That GR has solutions allowing black holes had been known from its infancy in work by Karl Schwarzschild and Johannes Droste. There are also solutions without black holes; a universe with no mass is legal in GR in many ways besides the case of special relativity. Penrose took the opposite tack, of giving minimal conditions under which black holes are necessary. Following this article, we list them informally as follows:

  1. Sufficiently large concentrations of mass exerting gravity exist.
  2. Gravity always attracts, never repels.
  3. No physical effect can travel faster than light.
  4. Gravity determines how light bends and moves.
  5. The space-time manifold is metrically complete.

Penrose showed that any system obeying these properties and evolving in accordance with GR must develop black holes. He showed this without any symmetry assumptions on the system. Thus he derived black holes as a prediction with the force of a theorem derived from minimal axioms.

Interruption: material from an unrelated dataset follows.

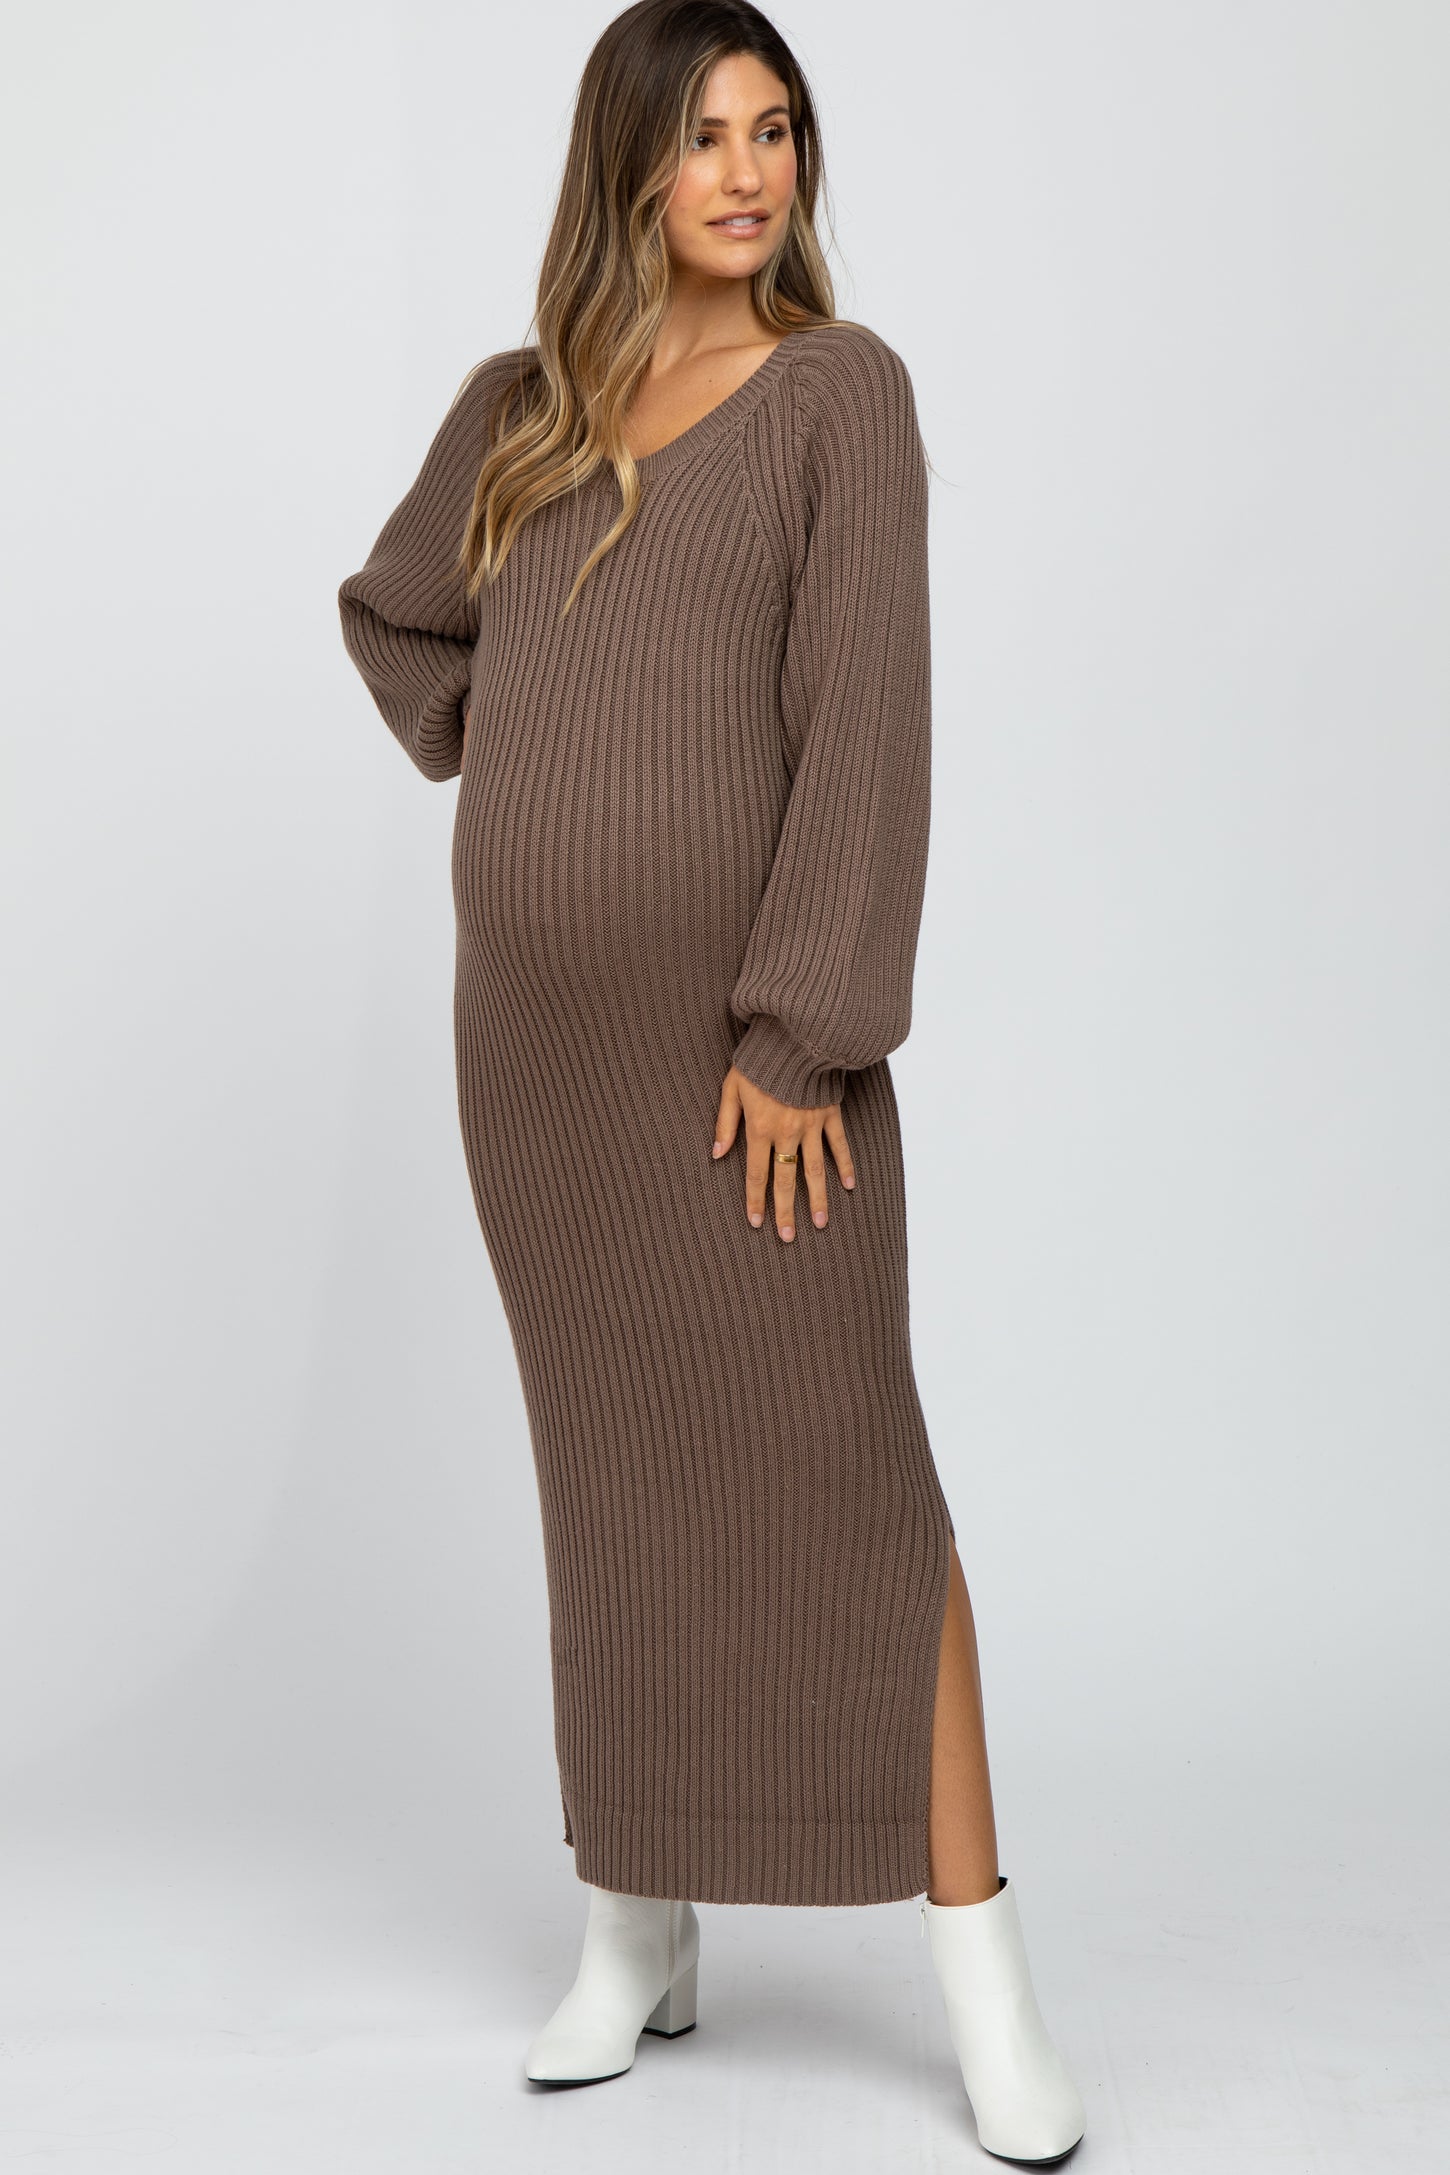 Taupe Side Slit Maternity Maxi Sweater Dress– PinkBlush

His 1965 paper actually used a proof by contradiction. He derived five properties needed in order for the system to avoid forming a singularity. Then he showed they are mutually inconsistent—a proof by contradiction. Here is the crux of his paper:

[ Snip from paper ]

In the diagram, time flows up. The point in a nutshell—a very tight nutshell—is that once a surface flows inside the cylinder at the Schwarzschild radius then light and any other motion from it can go only inward toward a singularity. The analysis is possible without the kind of symmetry assumption that had been used to tame the algebraic complexity of the equations of GR. The metric completeness mandates a singularity apart from any symmetries; a periodic equilibrium is ruled out by analysis of Cauchy surfaces.

Necessary For Us?

Like Richard Feynman’s famous diagrams for quantum field theory, Penrose developed his diagrams as tools for shortcutting the vicissitudes of GR. We could devote entire other posts to his famous tiles and triangle and other combinatorial inventions. His tools enable quantifying black-hole formation from observations in our universe.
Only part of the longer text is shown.